_GOAL OF THE EXERCISE_
From the first line to the last, copy the data exactly and drop the pictures.

_DATA SECTION_
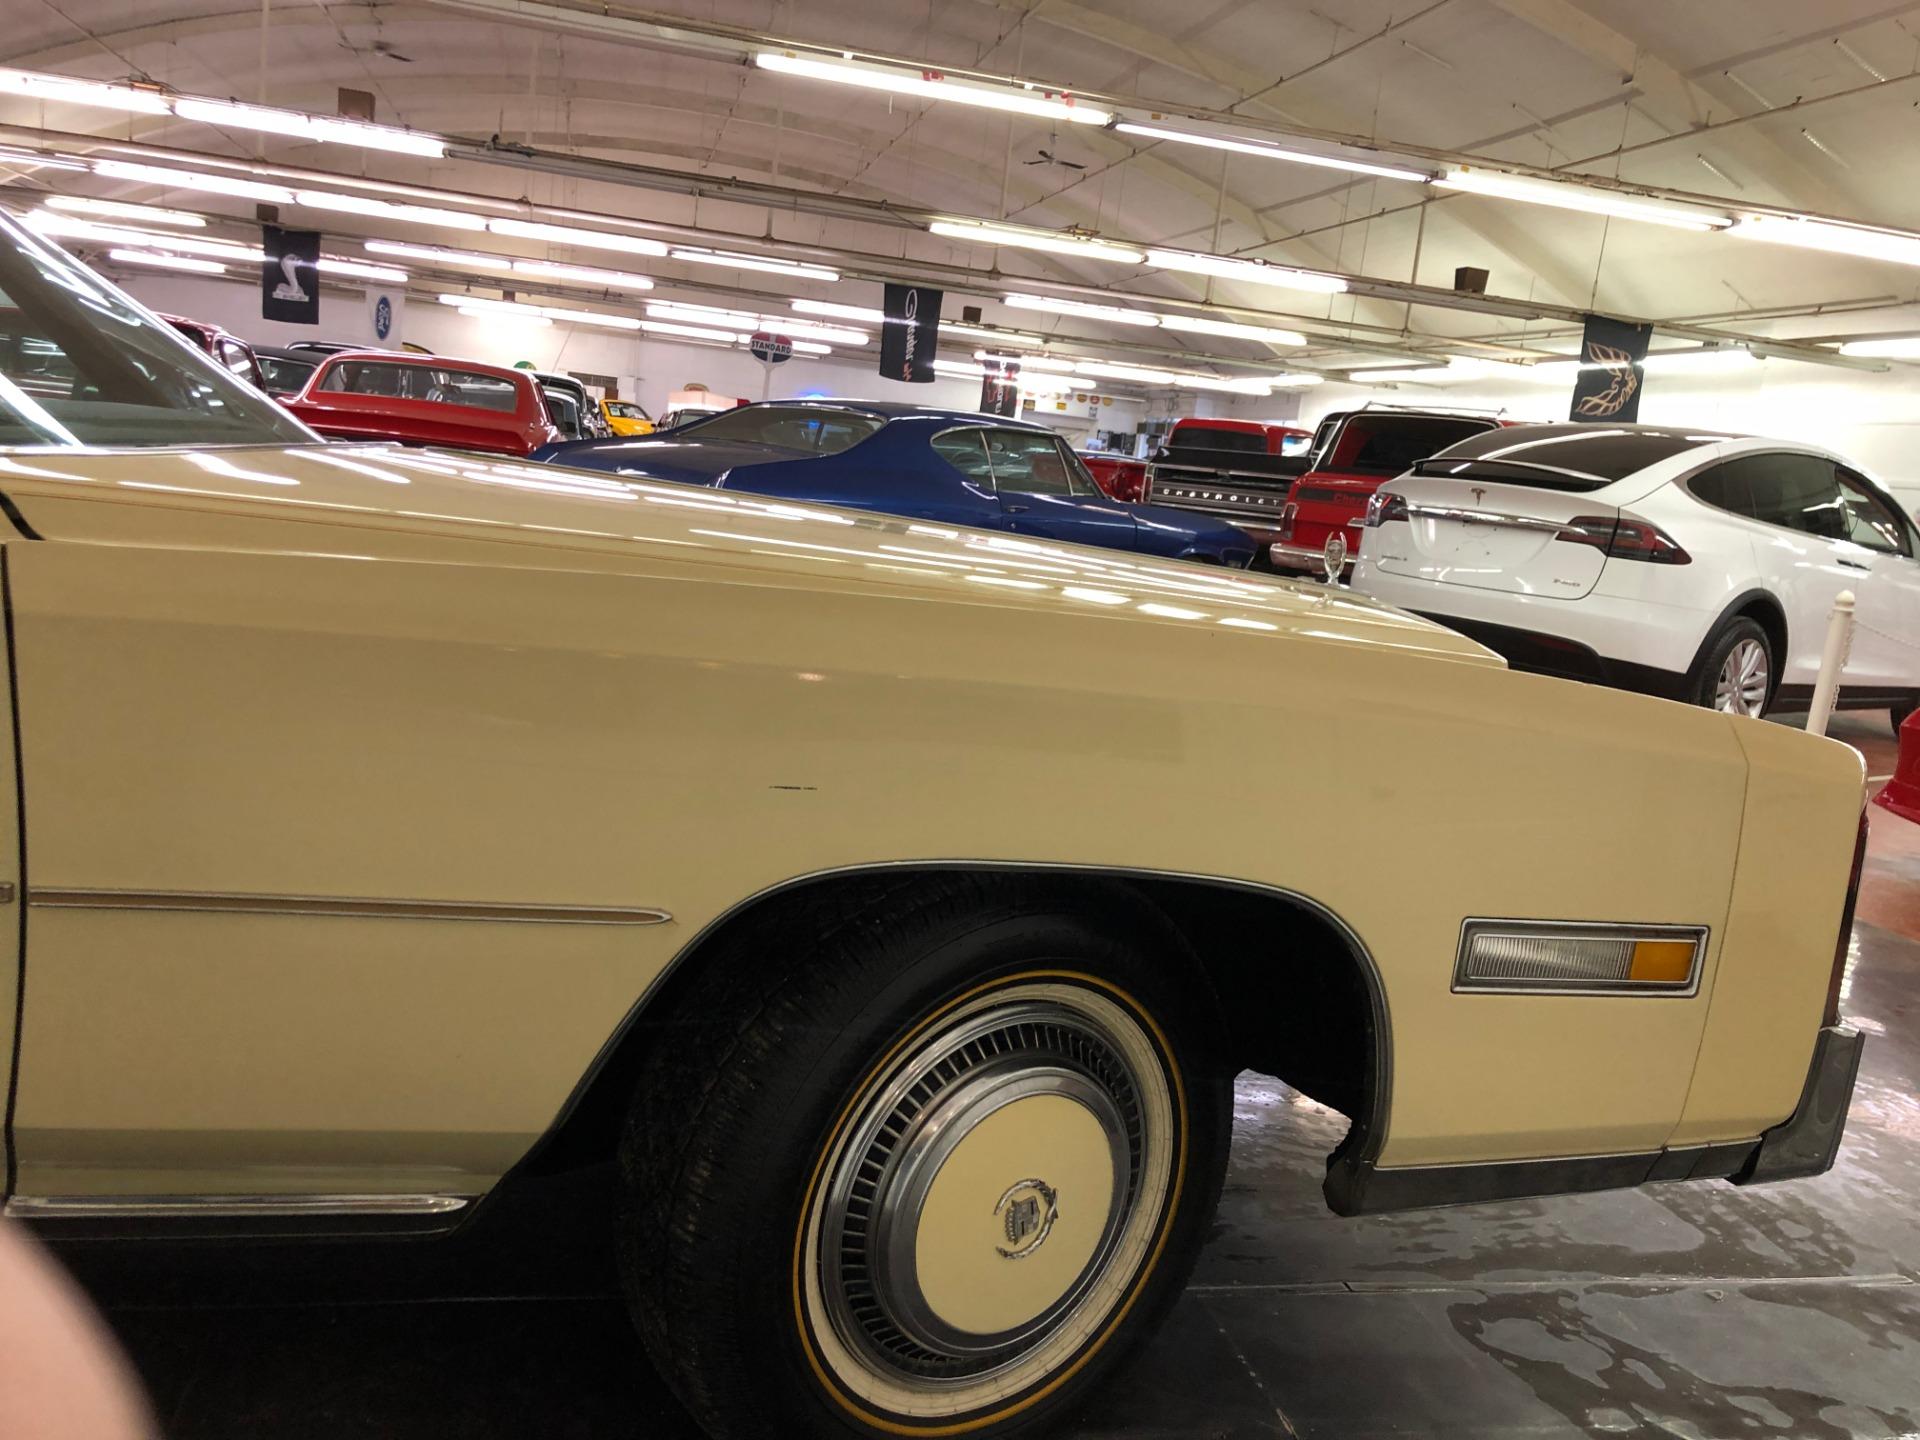 Used 1976 Cadillac Eldorado -500 CID-GREAT CLASSIC CONVERTIBLE-LOW MILES-VIDEO | Mundelein, IL
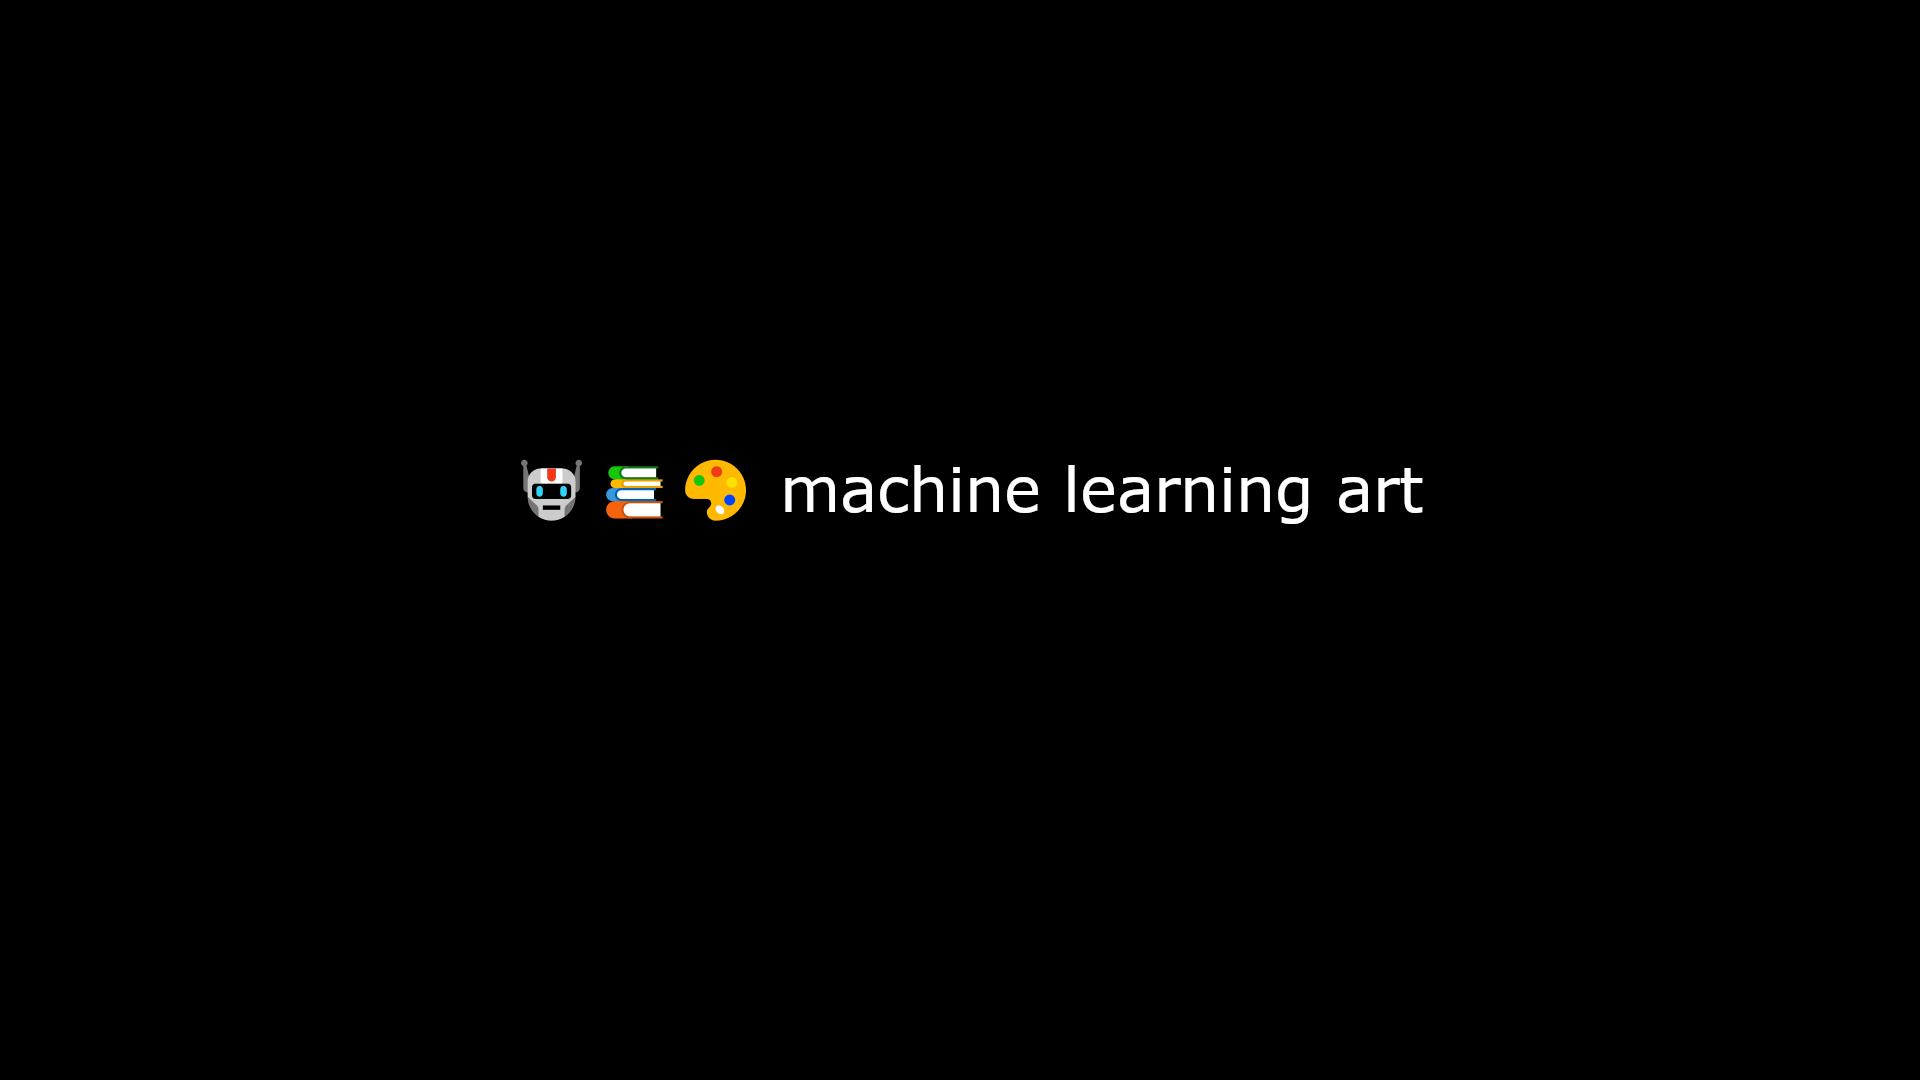 ML ART
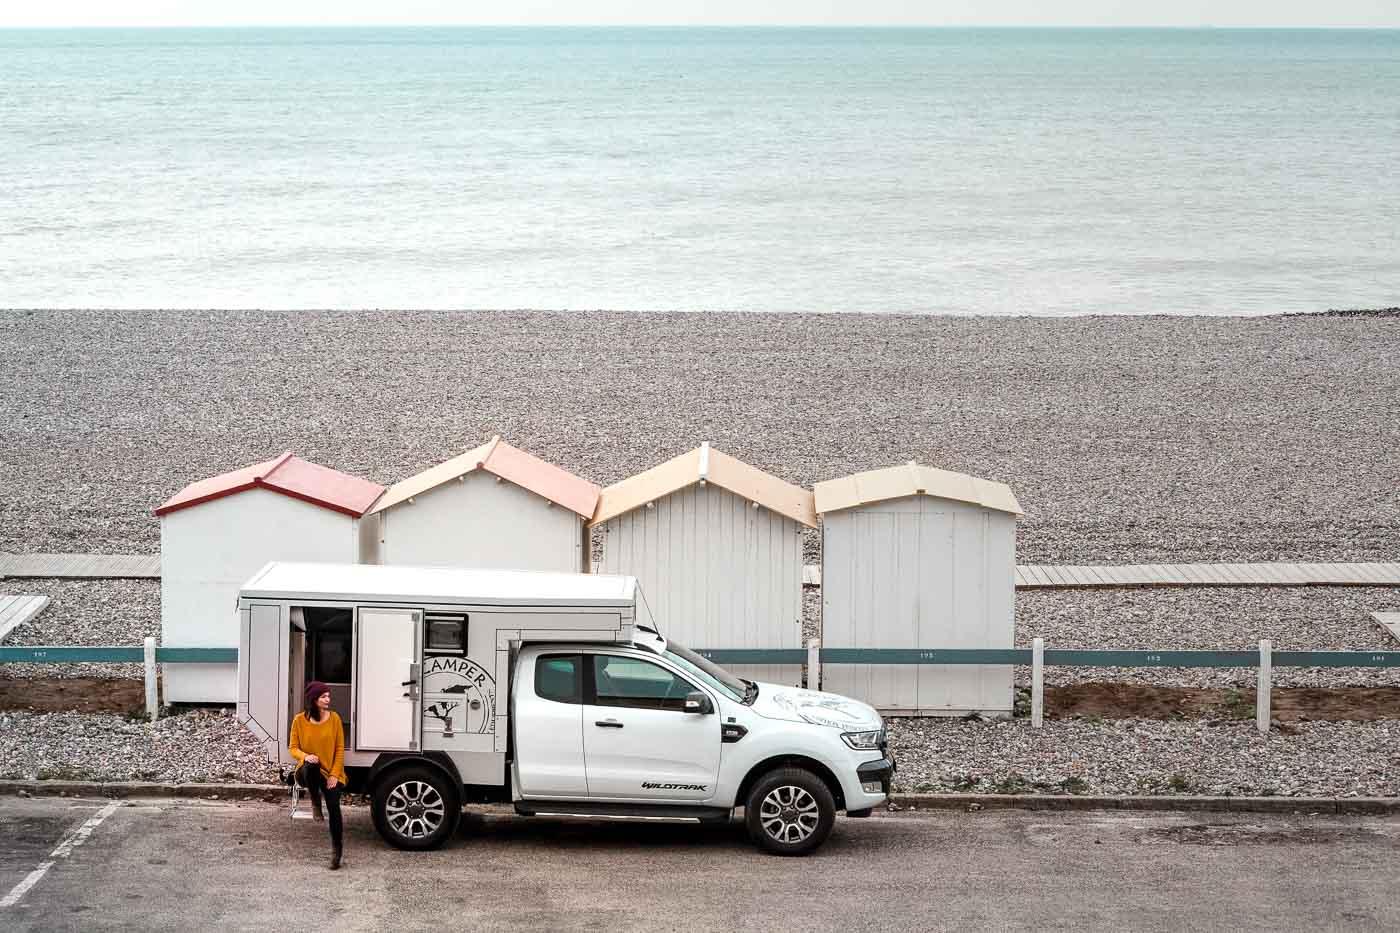 Première expérience d'un road trip en camper van
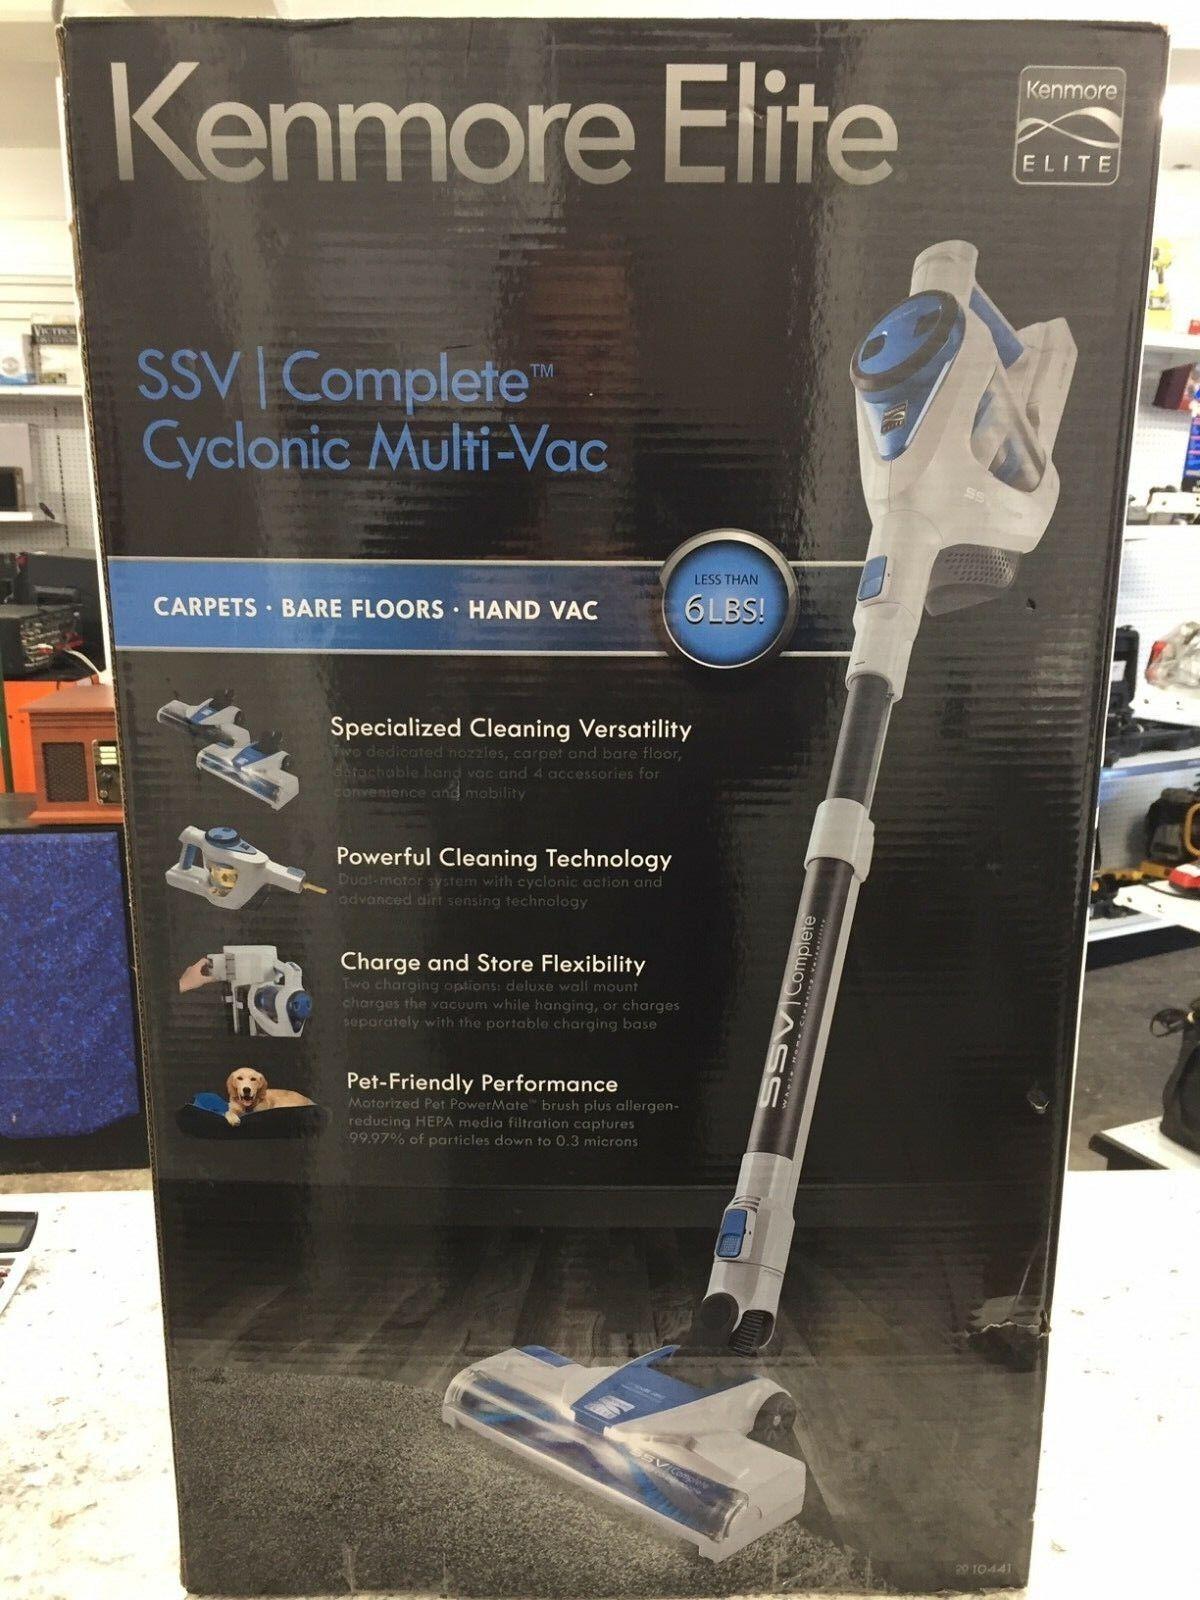 New Kenmore Elite 10441 SSVI Complete™ Cylconic Multi-Vac blueeee

_OUTPUT OF THE TASK_
 Used 1976 Cadillac Eldorado -500 CID-GREAT CLASSIC CONVERTIBLE-LOW MILES-VIDEO | Mundelein, IL
 ML ART
 Première expérience d'un road trip en camper van
 New Kenmore Elite 10441 SSVI Complete™ Cylconic Multi-Vac blueeee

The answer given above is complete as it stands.